EXERCISE DESCRIPTION —
Omitting the pictures, print every line below exactly as it stands.

SUPPLIED DATA —
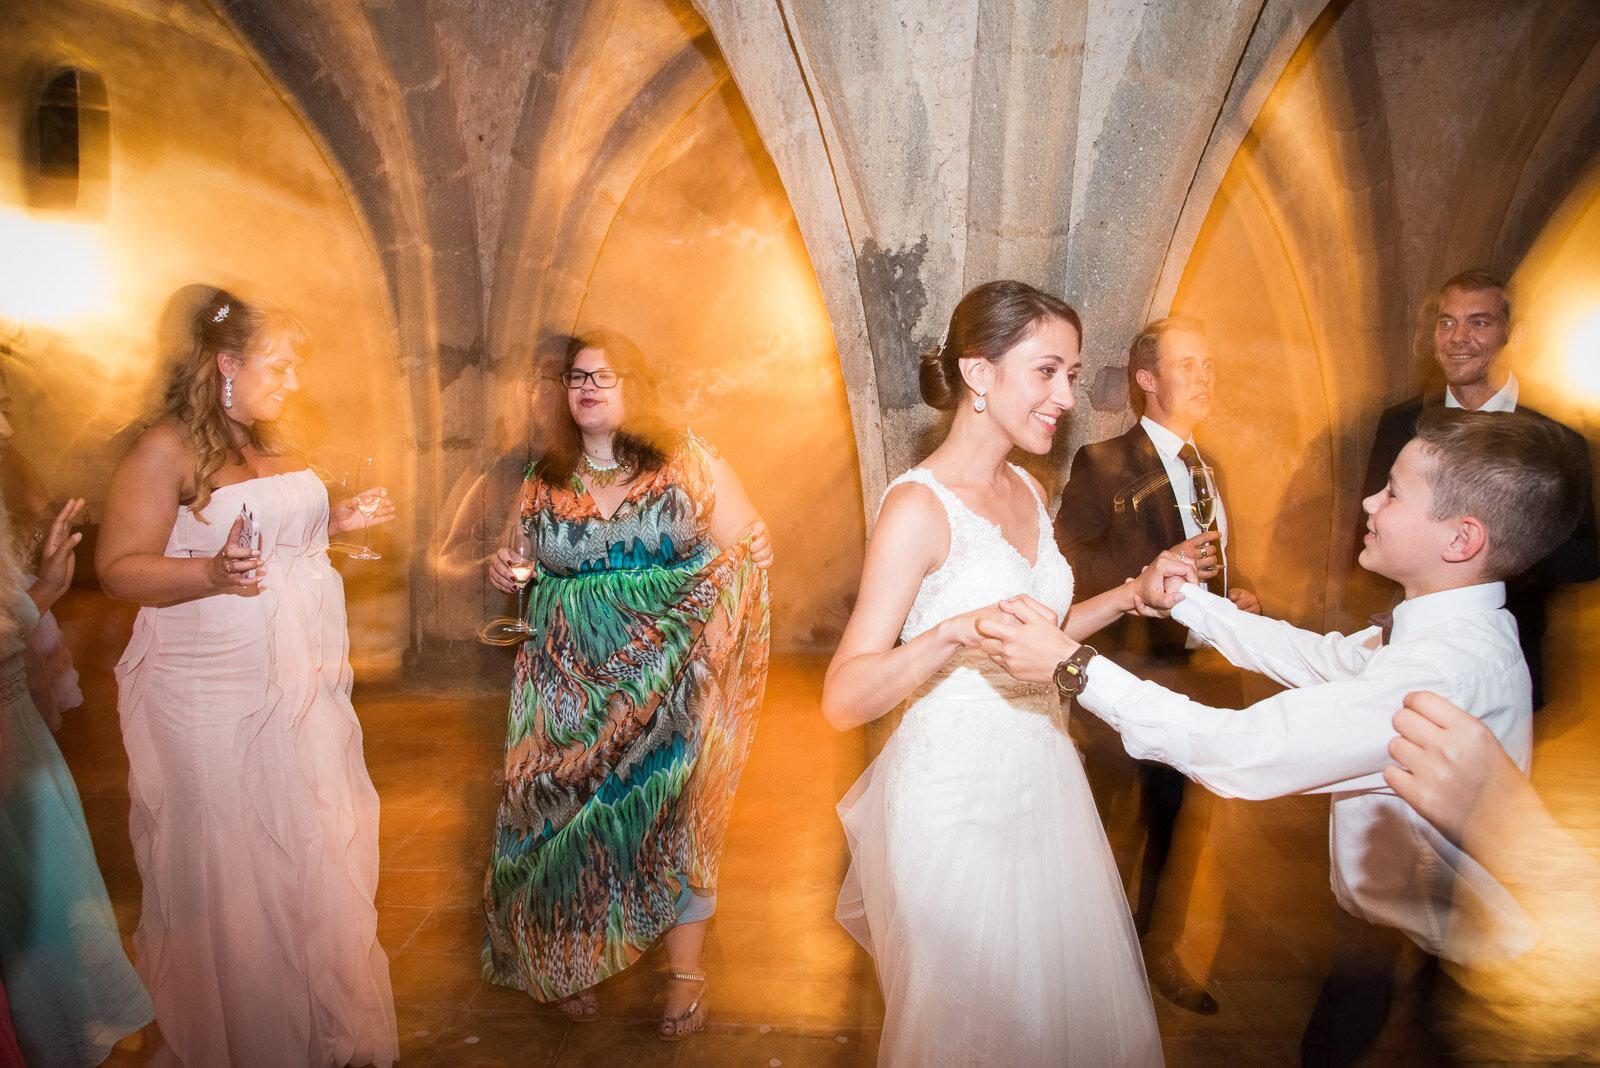 Russian Wedding in Villa Cimbrone Costiera Amalfitana 32.jpg
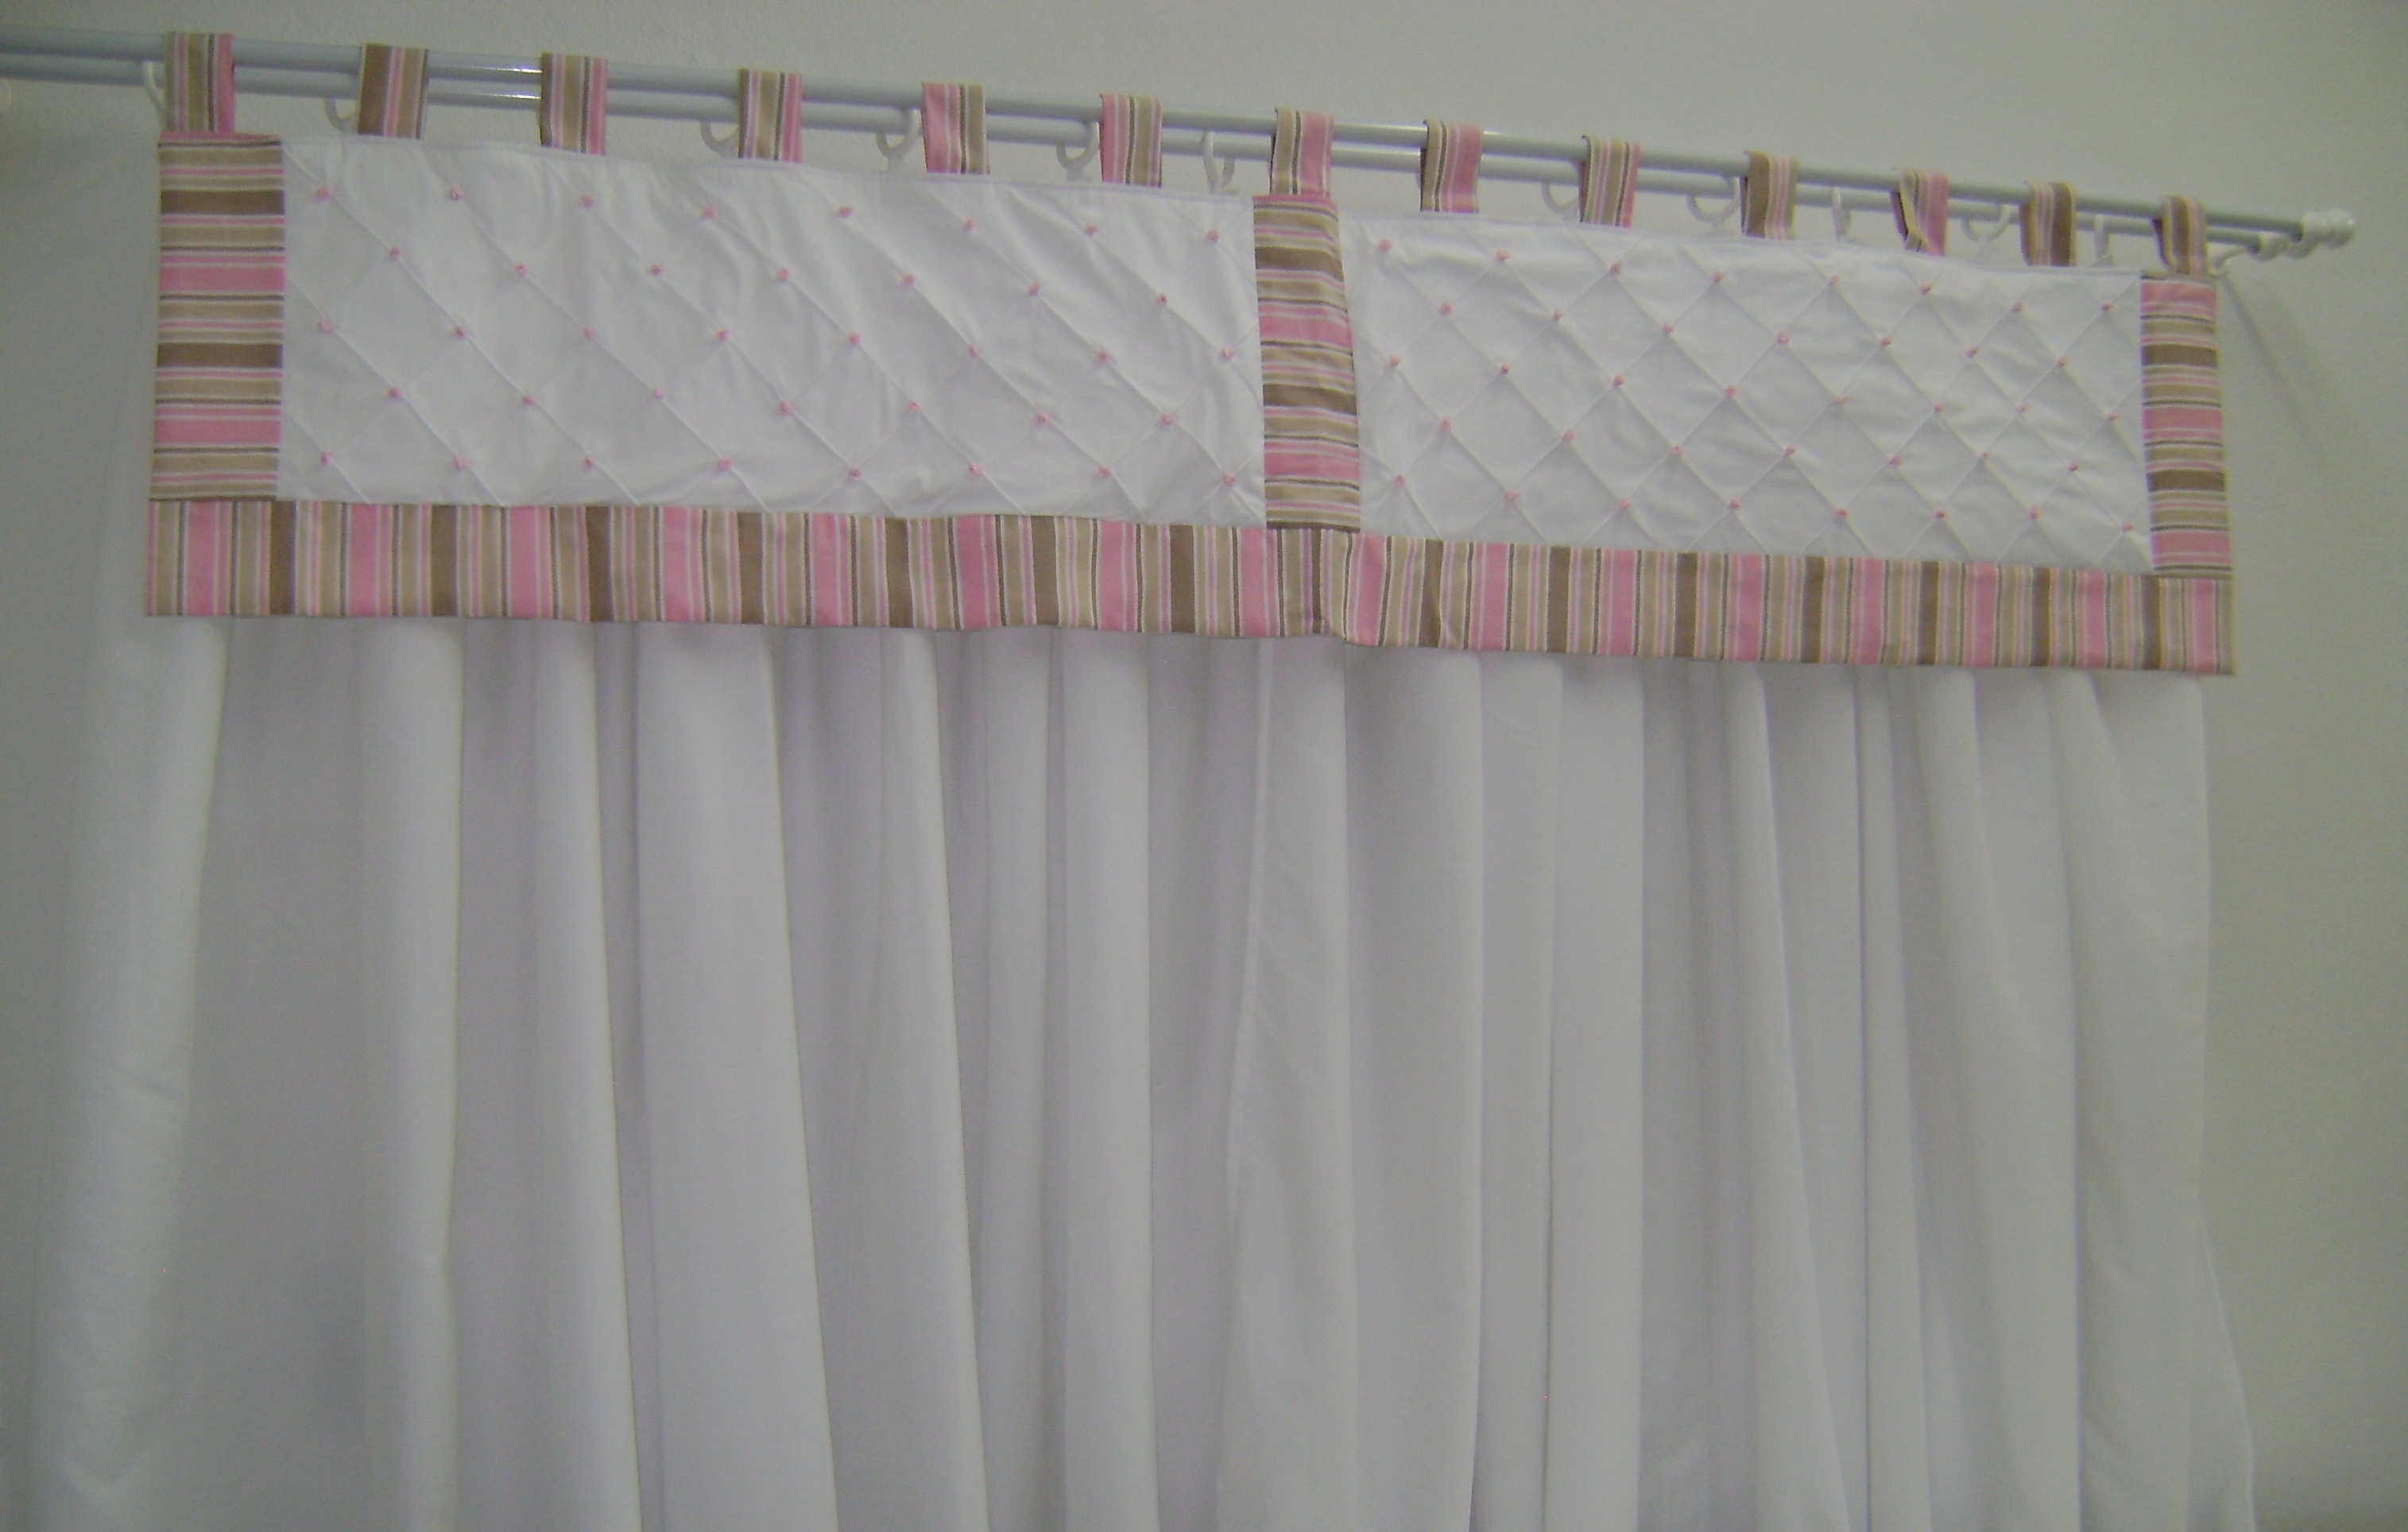 20170405195518 cortina marrom para quarto de bebe - Cortina para bebe ...
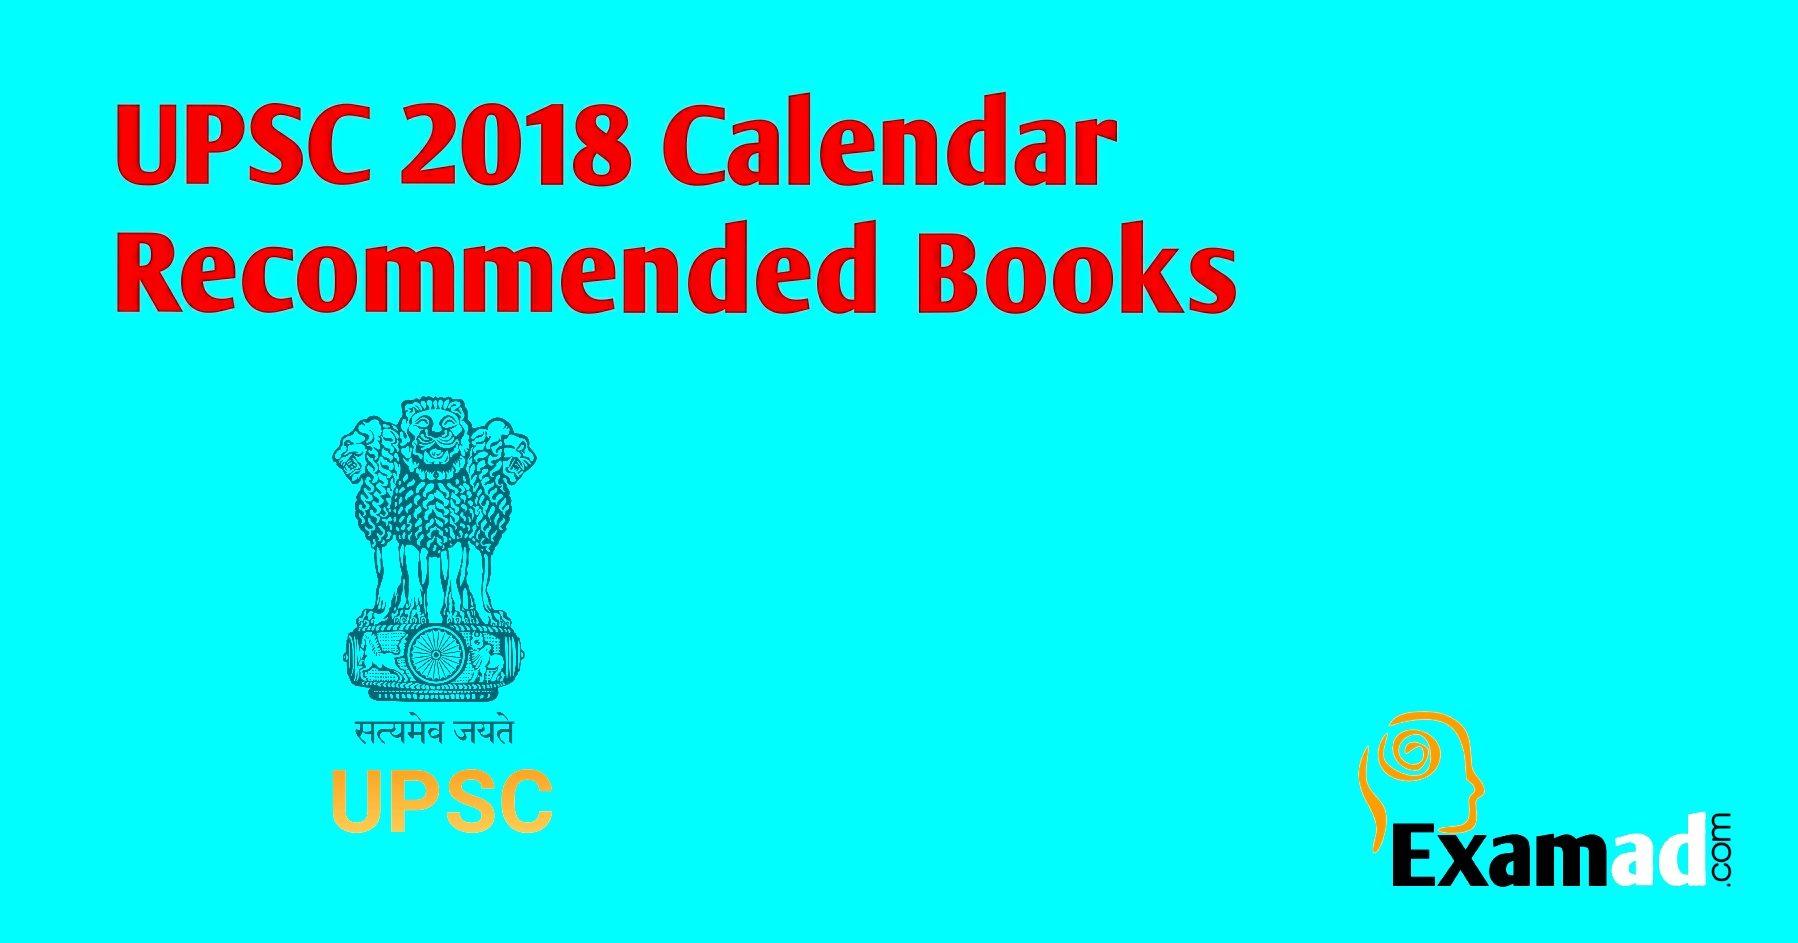 UPSC 2018 calendar

RESULT OF THE TASK —
 Russian Wedding in Villa Cimbrone Costiera Amalfitana 32.jpg
 20170405195518 cortina marrom para quarto de bebe - Cortina para bebe ...
 UPSC 2018 calendar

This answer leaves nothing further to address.